### What this task involves
Could you copy every record exactly, leaving the pictures behind?

Items from a data source:
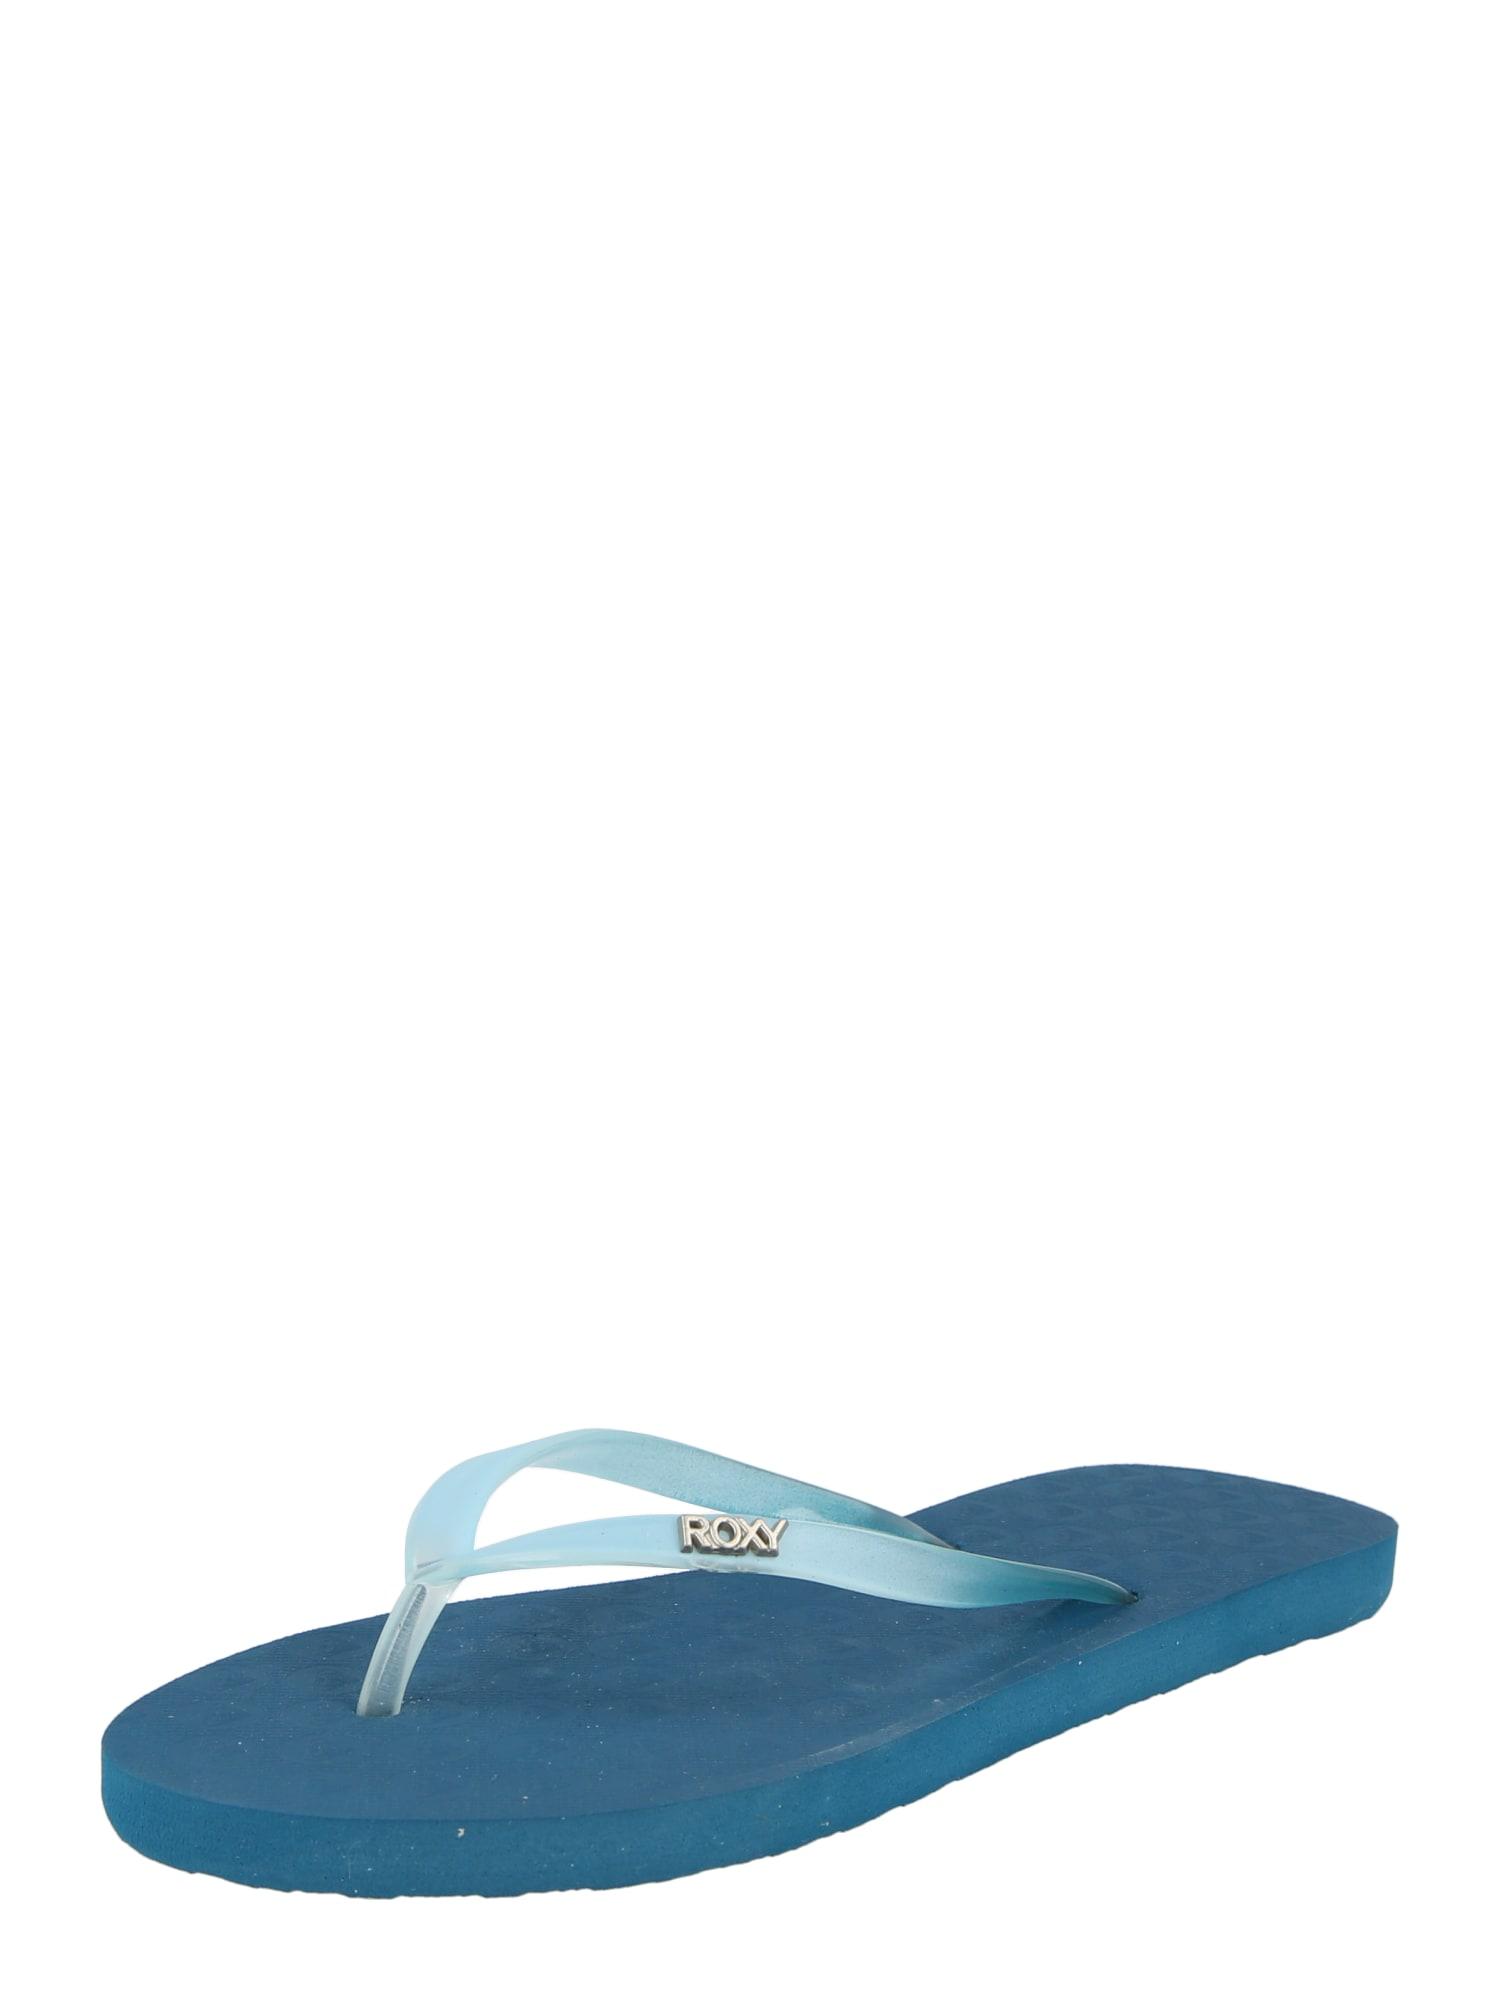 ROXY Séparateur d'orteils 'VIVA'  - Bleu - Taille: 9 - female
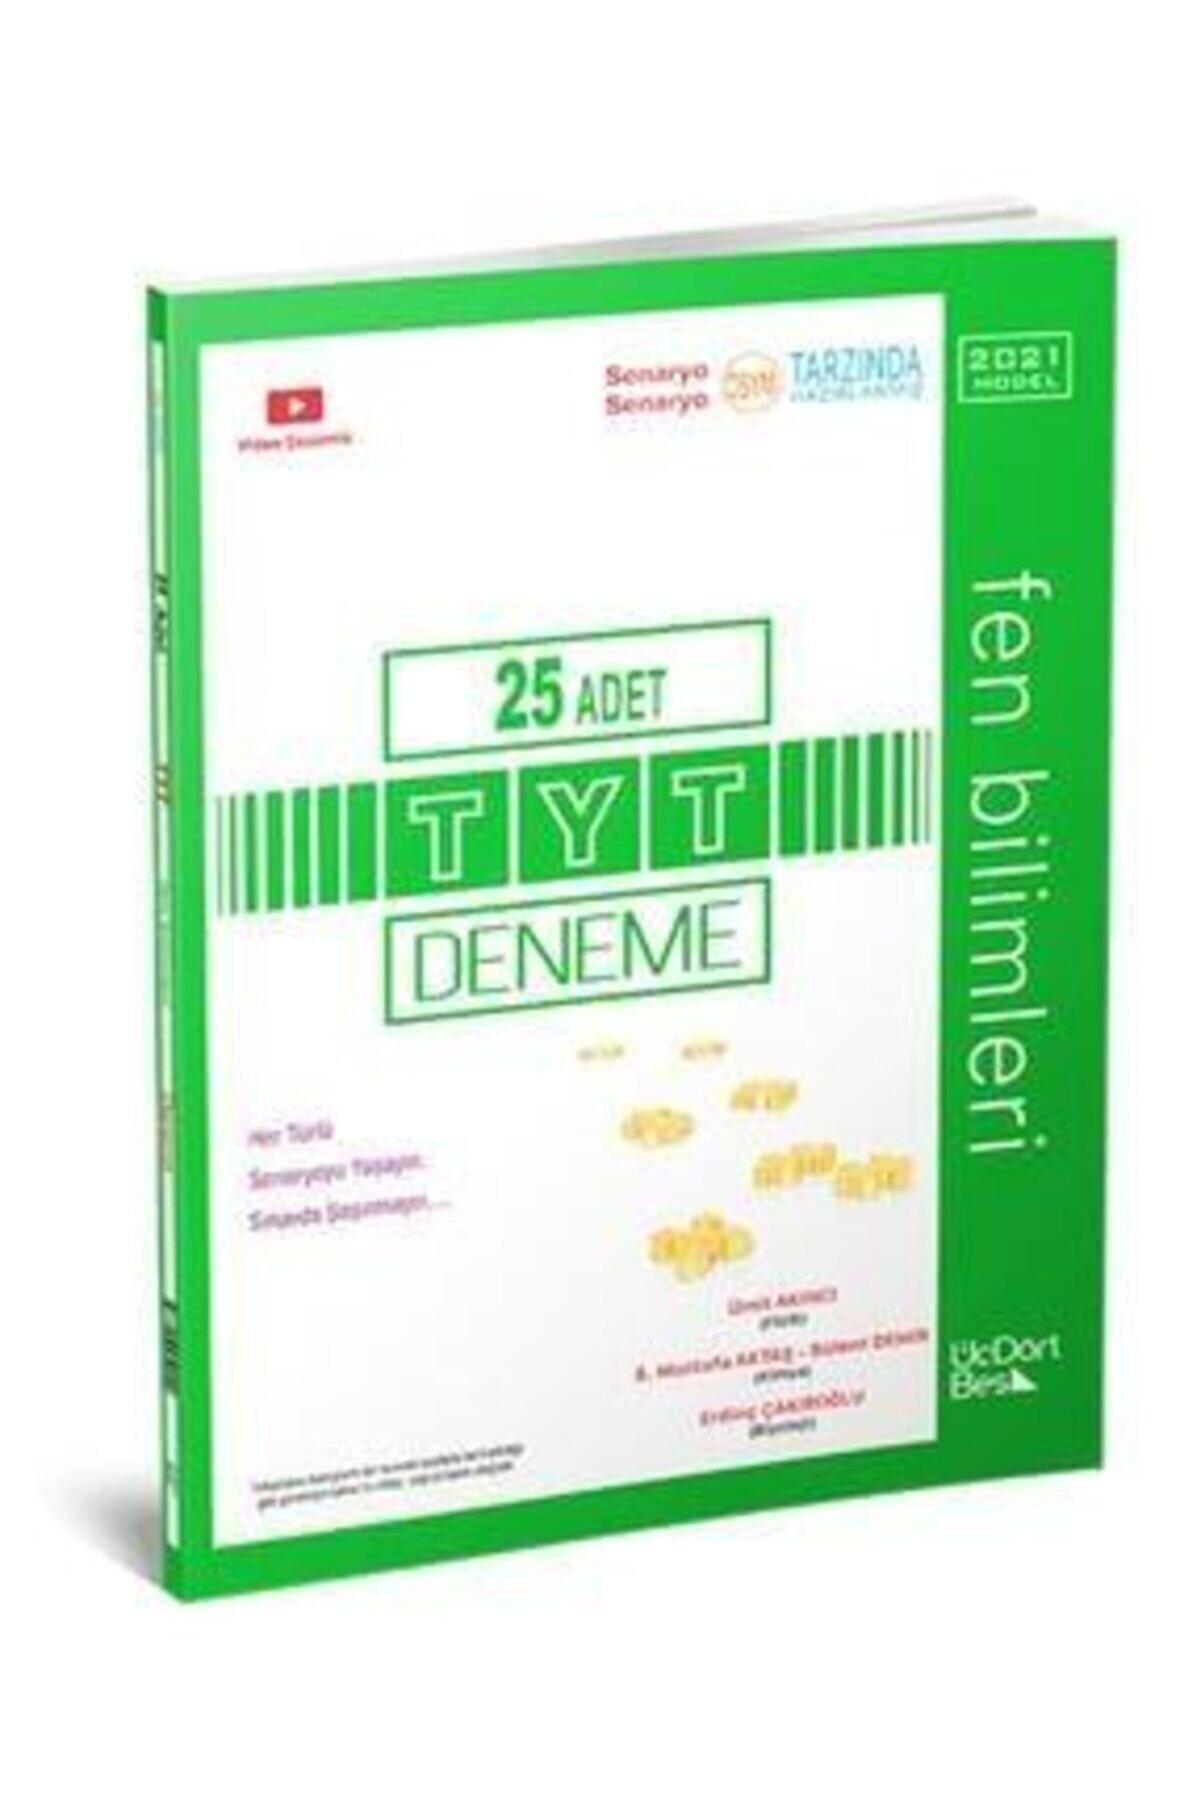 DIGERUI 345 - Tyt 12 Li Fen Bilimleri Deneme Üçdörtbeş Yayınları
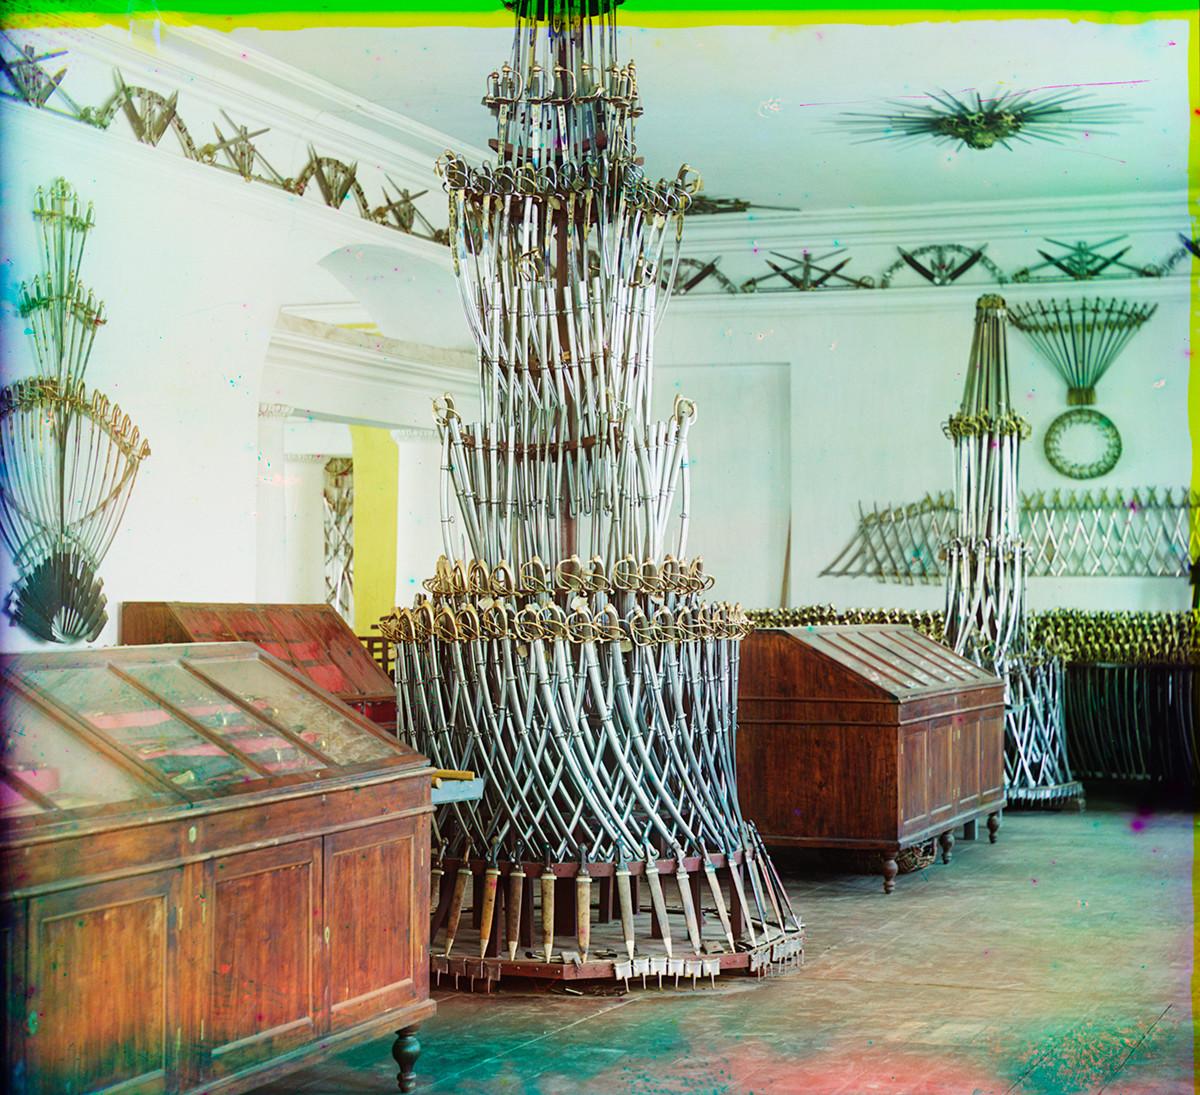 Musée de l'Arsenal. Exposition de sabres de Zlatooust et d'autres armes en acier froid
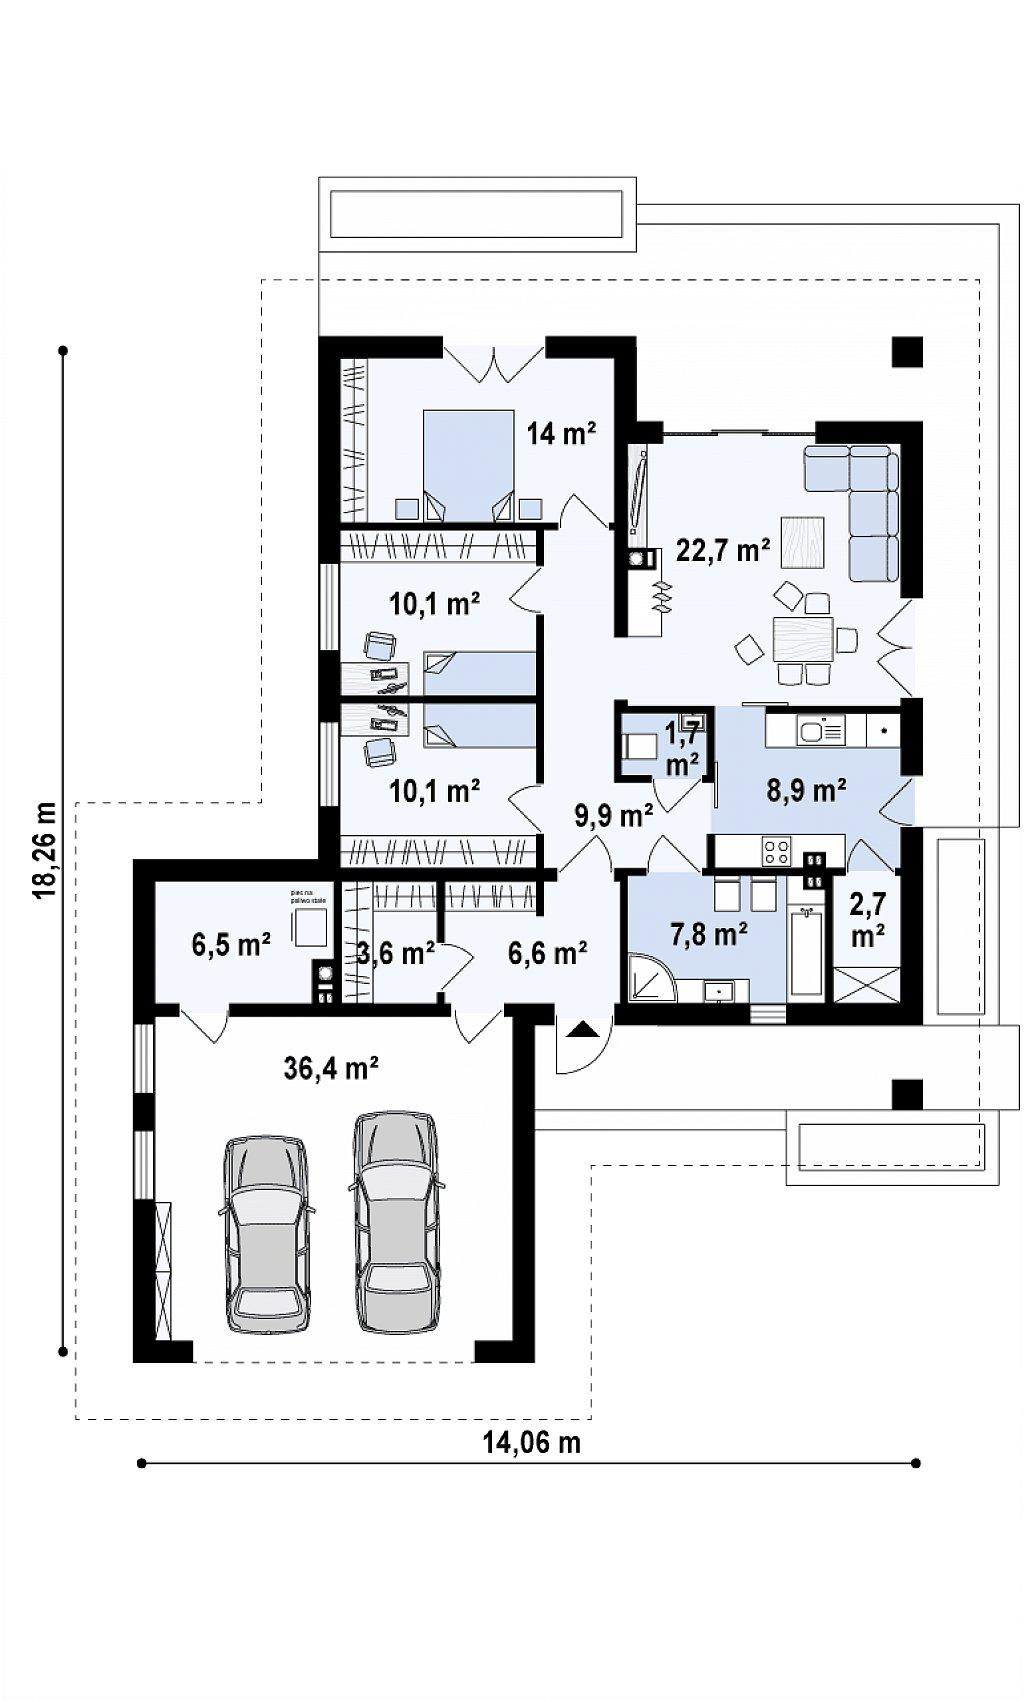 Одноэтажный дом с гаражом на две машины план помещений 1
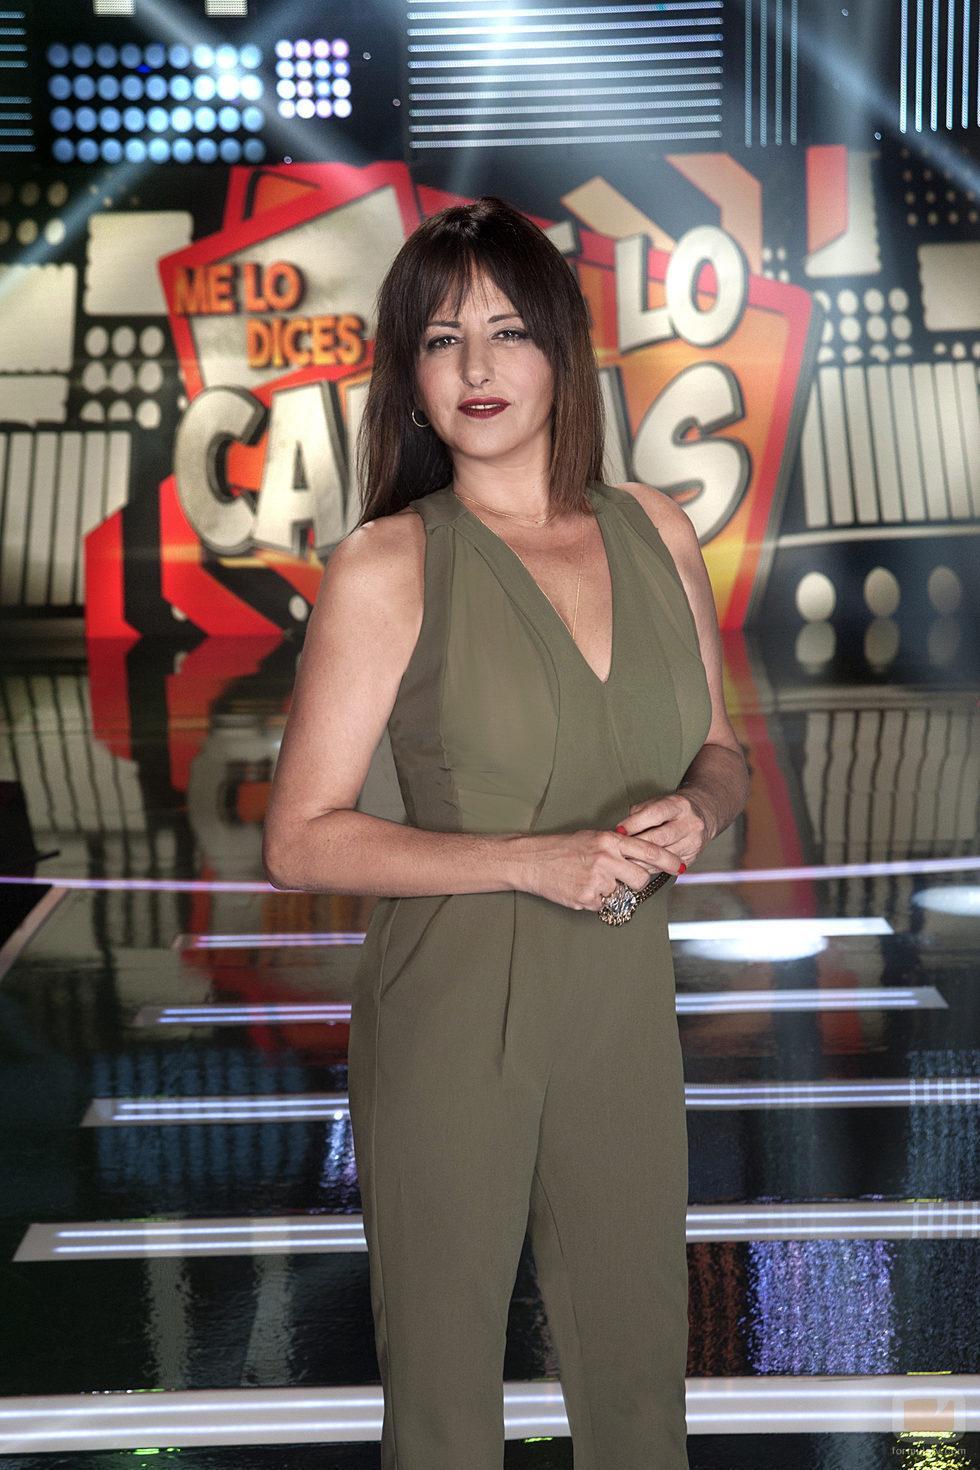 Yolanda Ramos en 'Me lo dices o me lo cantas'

### Task response
 ROXY Séparateur d'orteils 'VIVA'  - Bleu - Taille: 9 - female
 DIGERUI 345 - Tyt 12 Li Fen Bilimleri Deneme Üçdörtbeş Yayınları
 Musée de l'Arsenal. Exposition de sabres de Zlatooust et d'autres armes en acier froid
 Одноэтажный дом с гаражом на две машины план помещений 1
 Yolanda Ramos en 'Me lo dices o me lo cantas'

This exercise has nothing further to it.